Les commentaires ci dessous sur la création de la statue me semblent assez justes d’après ce que j'avais entendu sur la réalisation de cette oeuvre.
Voici les David de 2 autres sculpteurs (Donatello et Verrocchio) de la renaissance italienne (florentine) connus aussi pour leur talent mais n'ayant pas égalé dans la maîtrise technique celui de Michelangelo
Sur un plan purement technique, et même si nous sortons là du domaine artistique, il faut signaler que le bloc de marbre dans lequel Michel-Ange a sculpté son David avait déjà été largement ébauché par un sculpteur qui, voyant que l’oeuvre venait mal, avait finalement abandonné son projet, ce qui rendait la tâche de réaliser une statue complète dans ce bloc presque impossible. Michel-Ange réussit à caler son modèle d’une manière si parfaite que les bords du blocs affleurent au sommet de la tête, à l’épaule et le long de la base.

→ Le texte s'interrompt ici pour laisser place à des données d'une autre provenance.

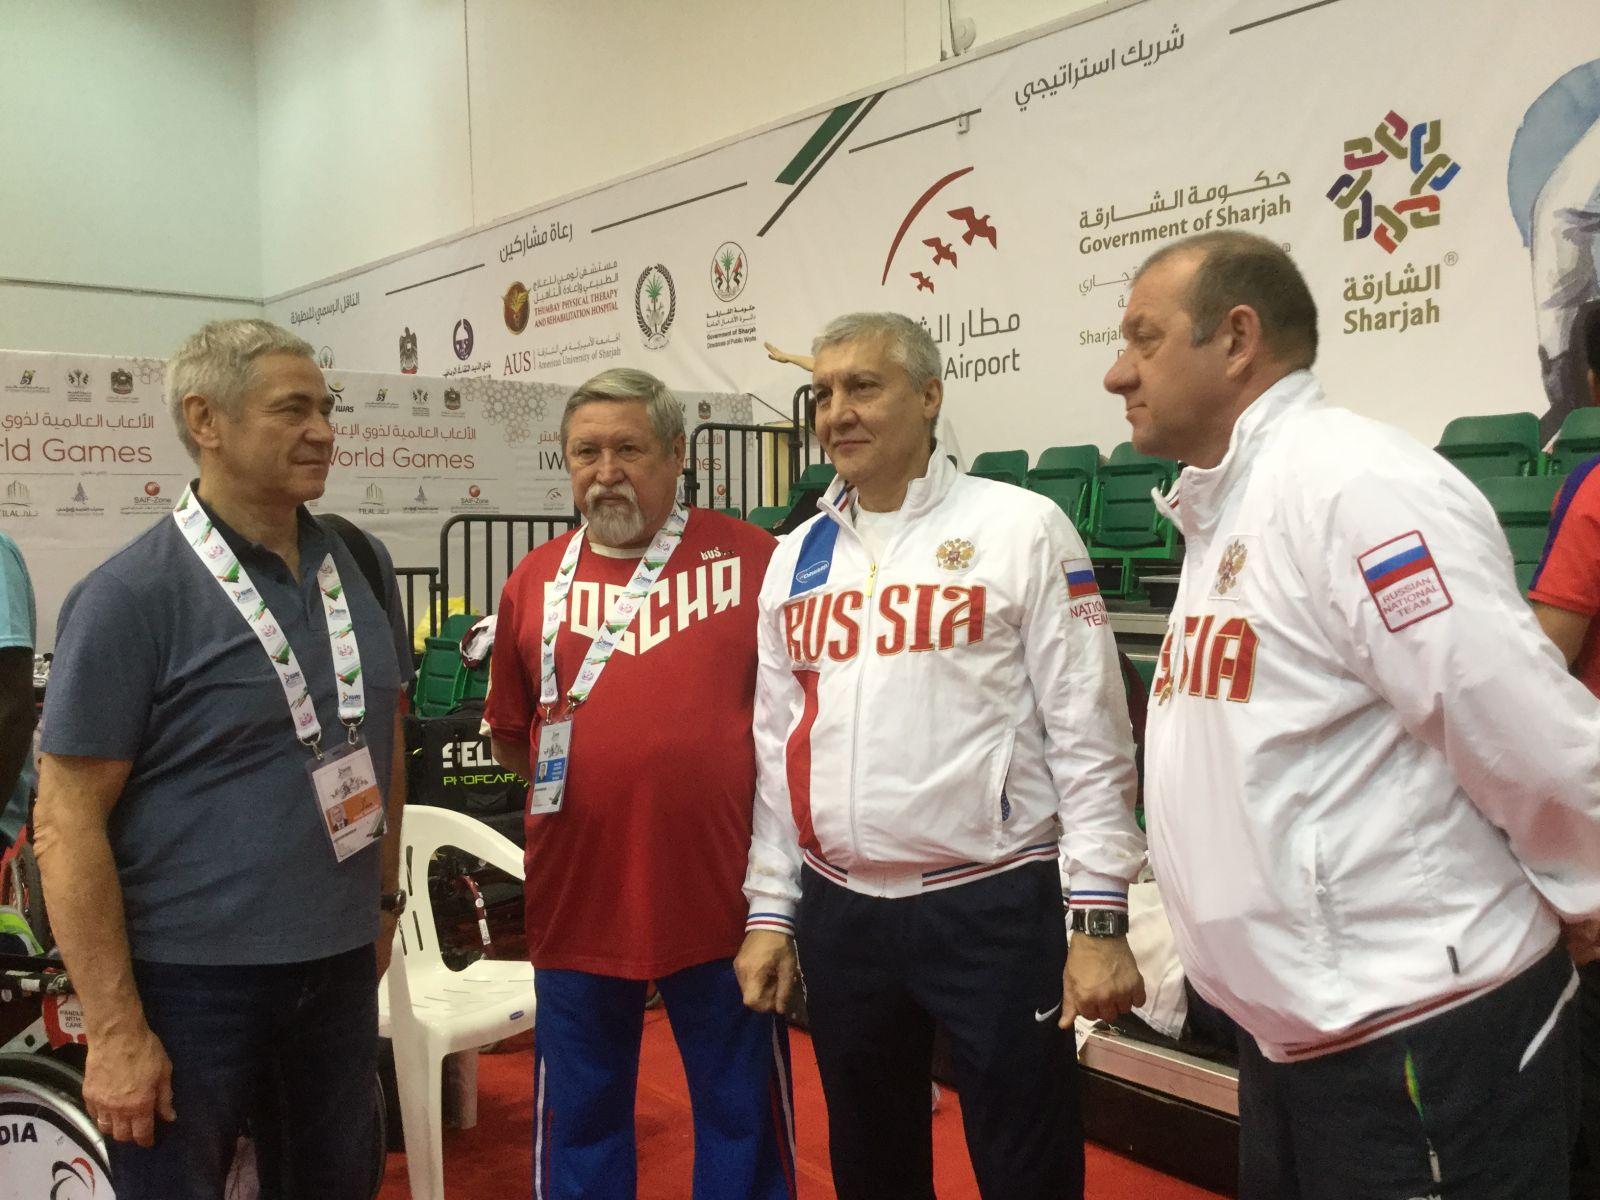 П.А. Рожков в г. Шарджа (ОАЭ) принял участие в просмотре первого соревновательного дня по фехтованию на колясках в рамках Всемирных игр колясочников и ампутантов (IWAS)
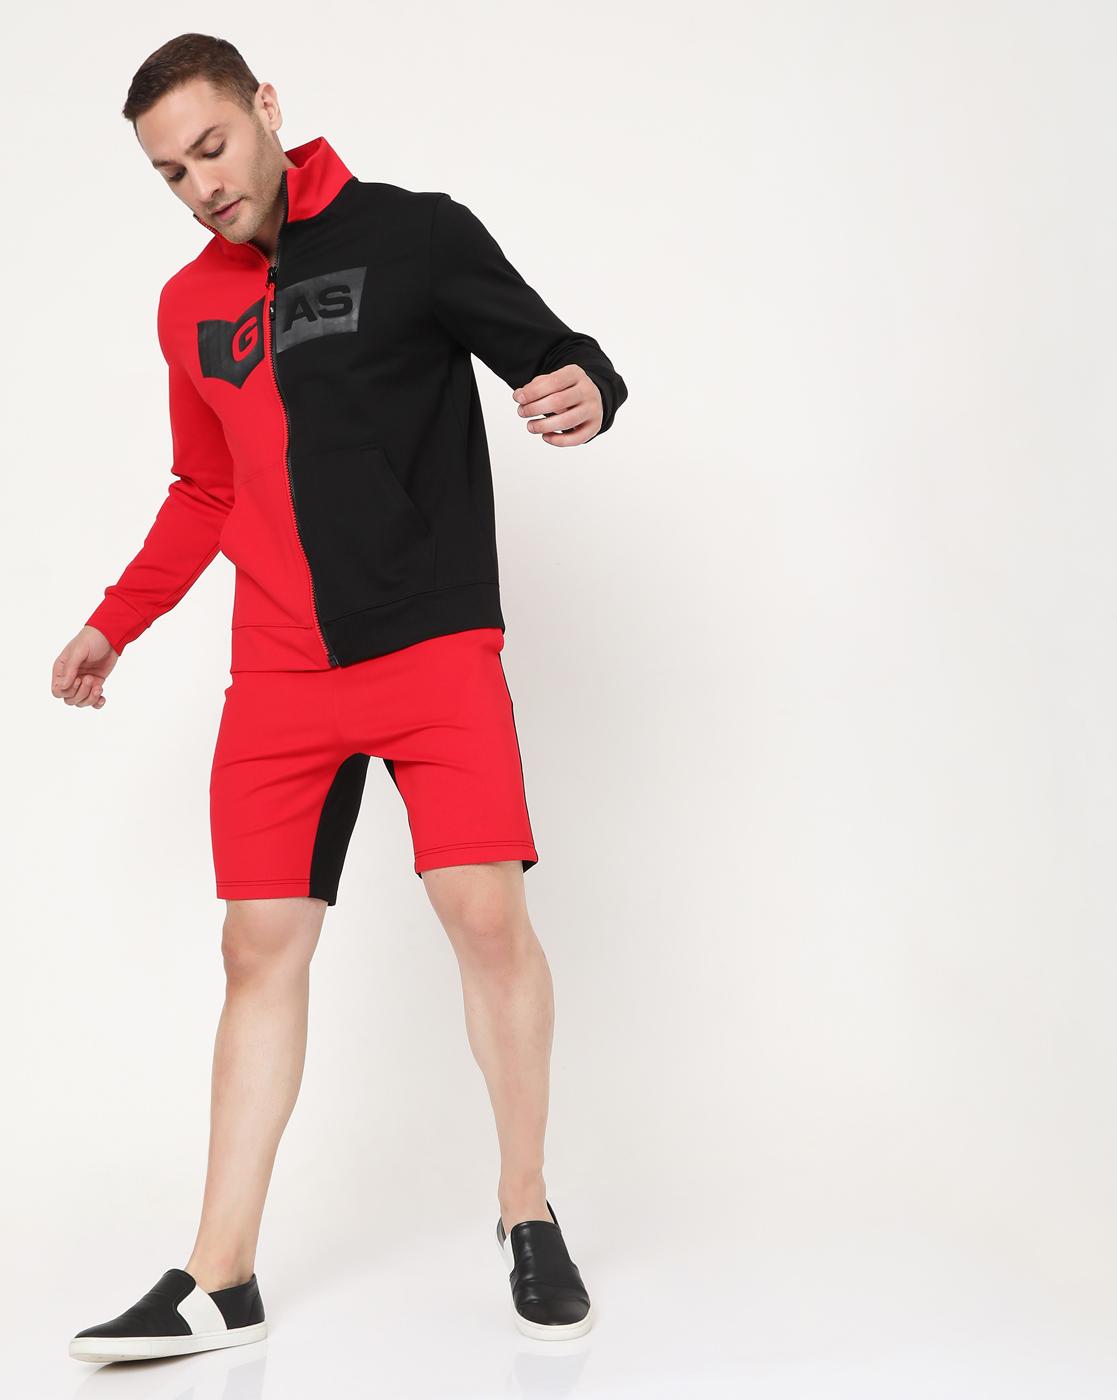 GAS | Men's Zippo Half In Slim Fit Sweatshirt

On pense que c’est un marbrier de Carrare qui fut le modèle de Michel-Ange : il ne faut pas passer à côté de l’évidente jouissance de l’artiste à représenter cet homme, et le traitement des détails – poils, tétons, peau, muscles, sexe – tout témoigne du désir qui l’animait. Mais, contrairement à ses prédécesseurs, Michel-Ange n’a pas joué sur ambiguité, évidente dans les David de Donatello et de Verrocchio, le corps n’est rien moins qu’androgyne. Il s’agit d’un homme fait, éclatant de jeunesse et de virilité.
Par cette oeuvre, Michel-Ange a égalé le génie des grands sculpteurs de la Grèce Antique, tout en créant un nouvel archétype. Comme Phidias, il introduisit dans son travail, parfois, des écarts par rapport aux canons anatomiques, en fonction de l’emplacement que devraient occuper ses sculptures (grossissement des têtes pour les statues placées en hauteur… ici, on peut constater une évidence :
la jambe gauche est plus longue que la jambe droite). Peu de sculpteurs ont eu de telles audaces.
Nous sommes donc ici dans un domaine qui est au delà de l’exactitude anatomique, dans une anatomie au service de l’expression. Nous sommes dans l’illusion du réalisme, et non dans le réalisme. Les beaux-arts, par essence, ne sont jamais des copies de la réalité, mais visent à créer une illusion de réalité idéelle. L’artiste recrée le monde à l’image de son imagination.
La statue exposée sur la place de la Signoria à Florence, devant le Palazzo Vecchio, est une copie. L’original se trouve à l’Accademia.